During times of crisis investors buy Gold as a well-known safe-haven. Here are the main factors to consider when trading on the gold rate.
- Why people invest in gold?
- Main gold rate movers
Precious metals are traded on advanced spot and forward contracts online, including on the London Metal Exchange and the New York Mercantile Commodity Exchange (also known as COMEX). Gold or XAU/USD- as commonly known by traders -fluctuates over time providing trading opportunities. Typically, markets prefer to invest in bonds and equities rather than gold, as alloys do not generate income. So, what makes people trade on the Gold rate?
Market Fear and Gold Rate
During turbulent times such as economic indecision, natural disasters, geopolitical tensions, trade and military wars the yellow metal becomes more attractive to investors, as it has been considered for many years as a safe-haven asset. The global recession caused by the Coronavirus pandemic in 2020 combined with the uncertainty of the economic recovery, whether it will take V, L, or W shape led the gold rate in August to overtake the $2,000 threshold and print an all-time high at $2,075 o/z.
US Federal Reserve Policy and Gold Rate
Markets see Gold as an inflation hedge or as an investment to protect the decreased purchasing power of a currency that results from the loss of its value due to rising prices or due to inflation. Additionally, money loses value as is more printed, while the supply of gold is relatively limited. Therefore, the yellow metal’s investors pay great attention to the Federal reserve’s committee meetings to find out about the central bank’s policy.

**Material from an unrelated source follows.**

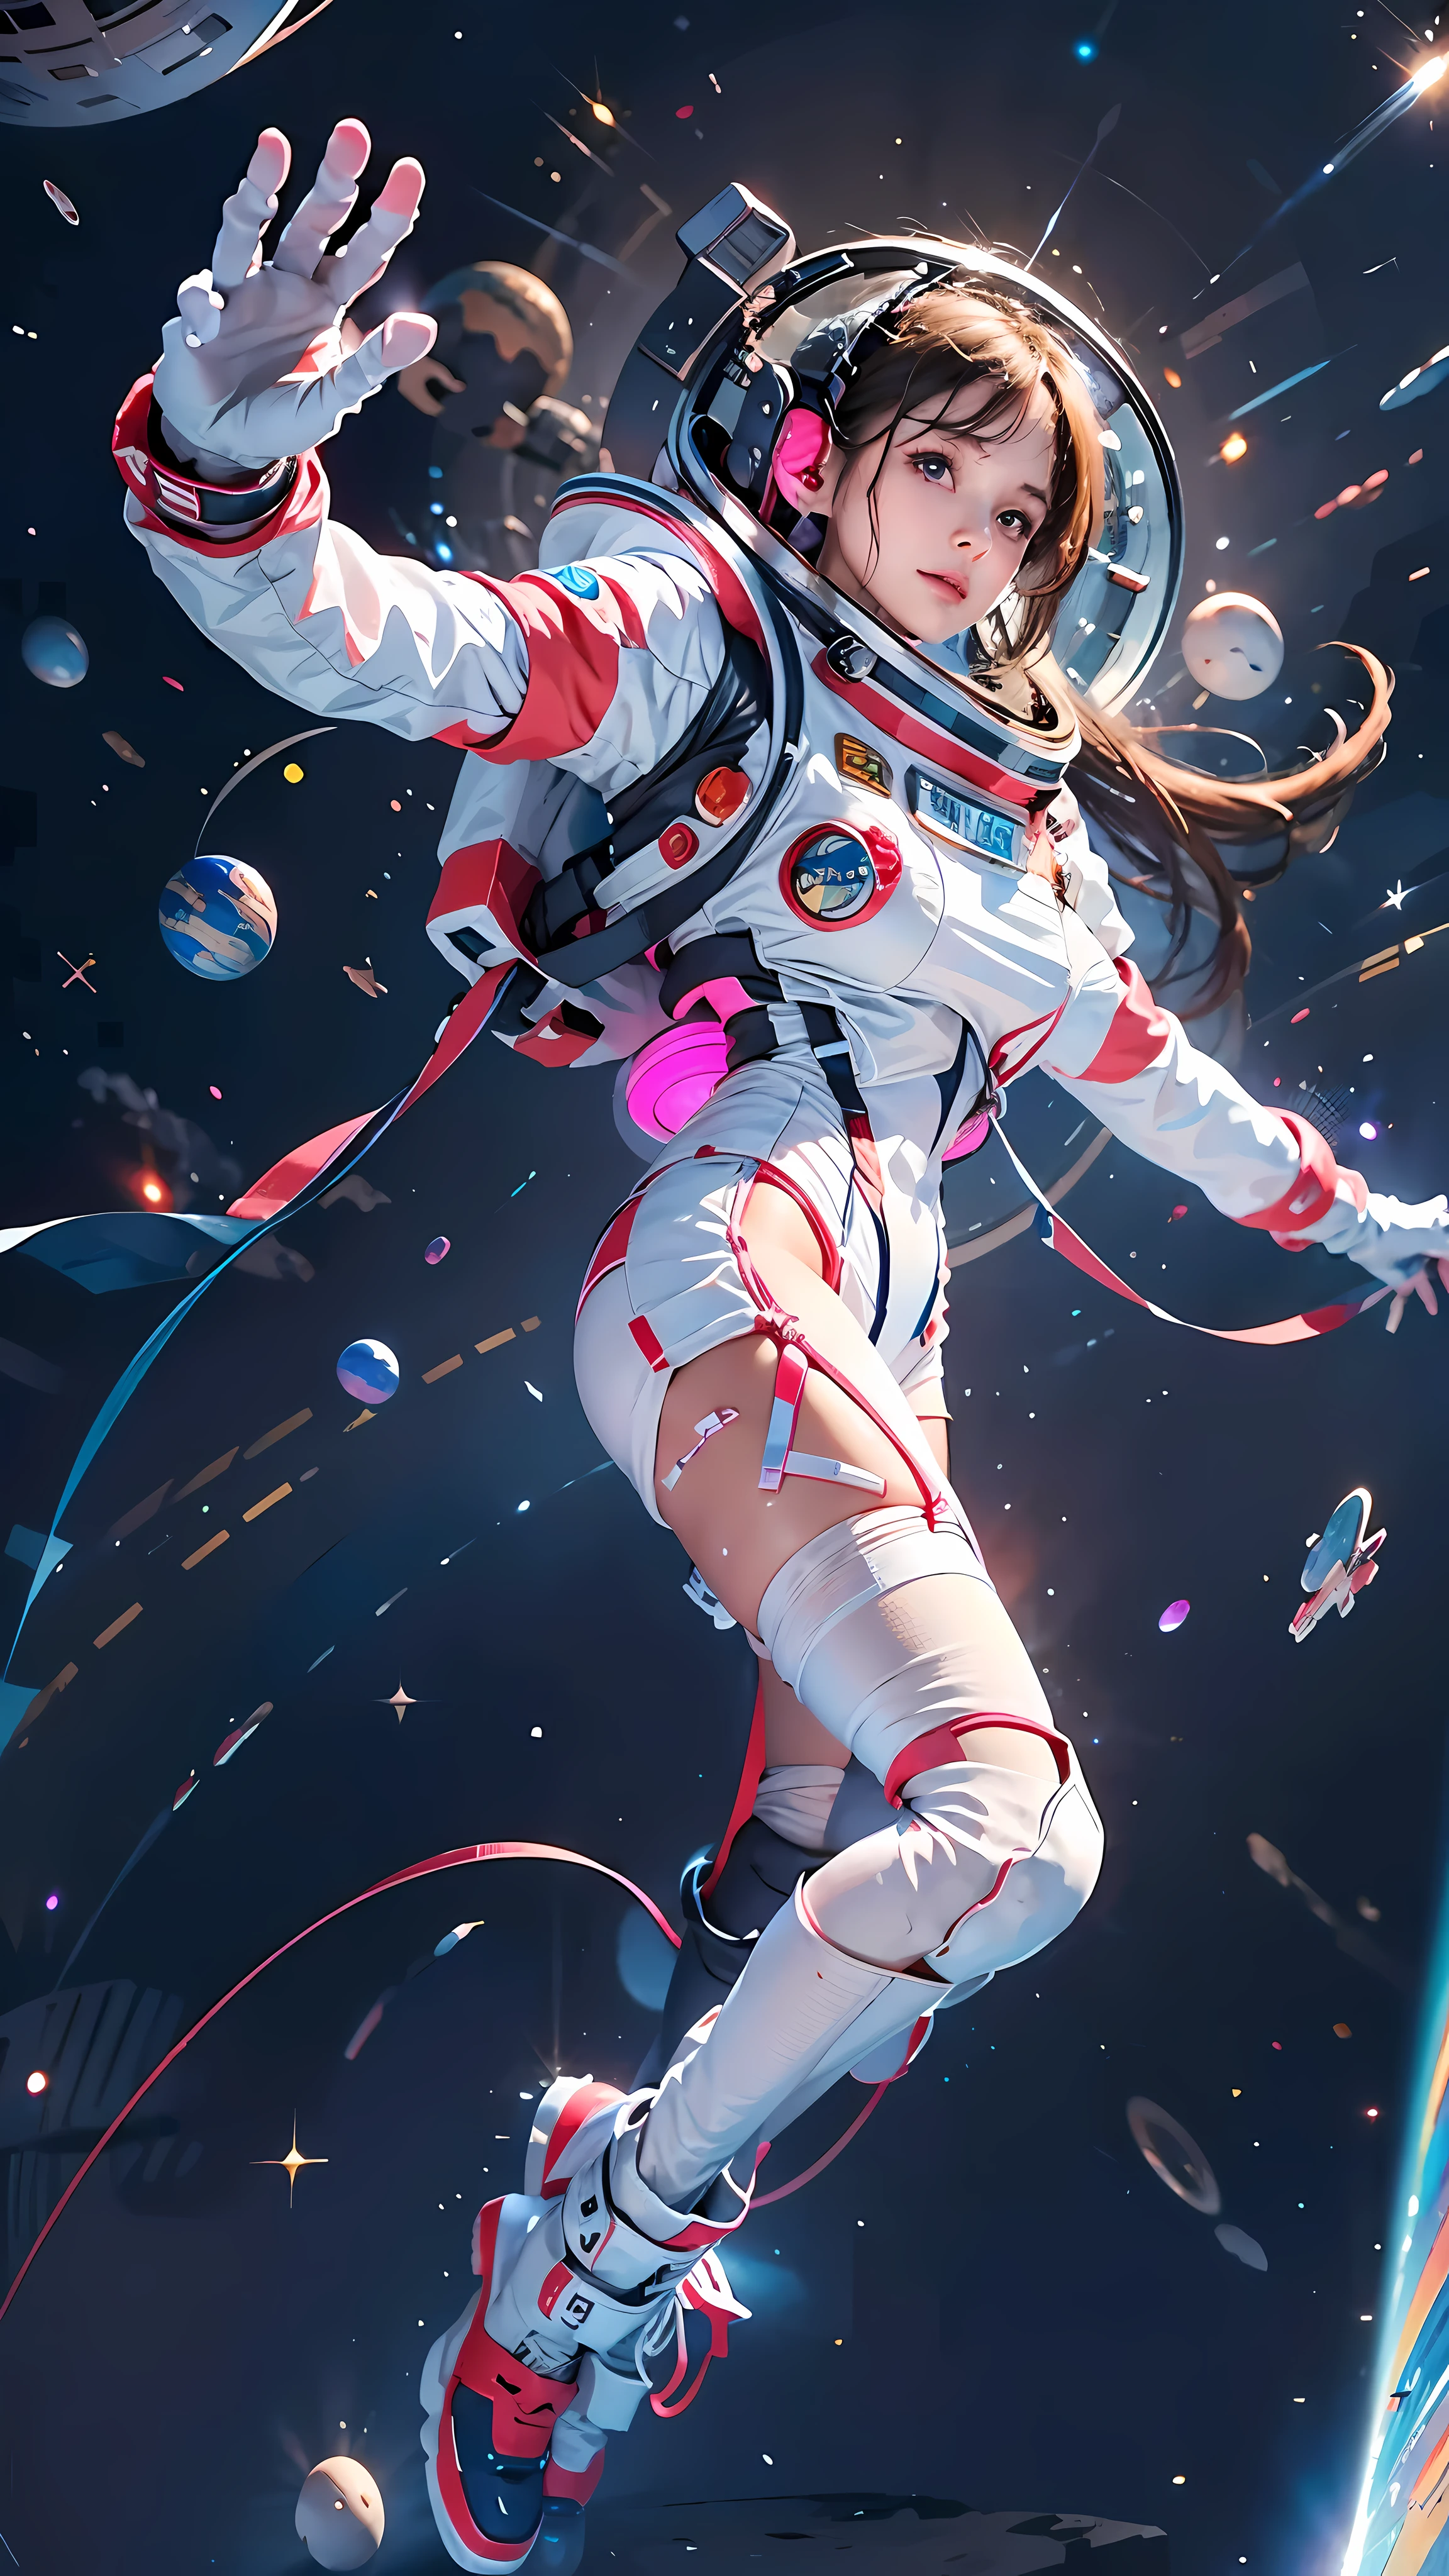 高分辨率, 极其详细, 1女孩, 穿着宇航服, 从上方看, 宇宙空间, 漂浮的, 卫星, 跑步姿势, 看看观众, 闪闪发光的, 空间背景, 肉腿, 白色丝袜, 全身照, (杰作:1.4), 8千

Gold traders follow the Fed releases and press conferences focusing on the quantitative easing program (printing money) updates, and the policymaker's expectations for the future interest rates changes. Therefore, if the US Federal Reserve hints that a rate hike may take place soon, this could reflect negatively on the gold rate. On the other hand, if the Fed signals a possible rate cut, that could affect gold’s rate positively. It is worth noting that, the Federal reserve builds its monetary policy according to the US economy performance, taking into consideration growth levels, inflation, and unemployment rates.
USD Price vs Gold Rate
Given that gold is priced in the US dollar, logically both assets have an inverse correlation ie, the yellow metal’s price raises when the greenback loses value relative to other currencies and vice versa.
Nonetheless, it may not be always the case and it is possible to see Gold and the US dollar rising or falling together, depending on the Fed monetary policy and the market mode. Additionally, during the Coronavirus pandemic, the greenback has transformed from being a risk-correlated asset to a safe-haven, weakening further its inverse correlation with Gold.
To summarize, the Gold rate thrives in moments of uncertainty. That said, factors like the US Federal reserve’s monetary policy and the US dollar price should be taken into consideration.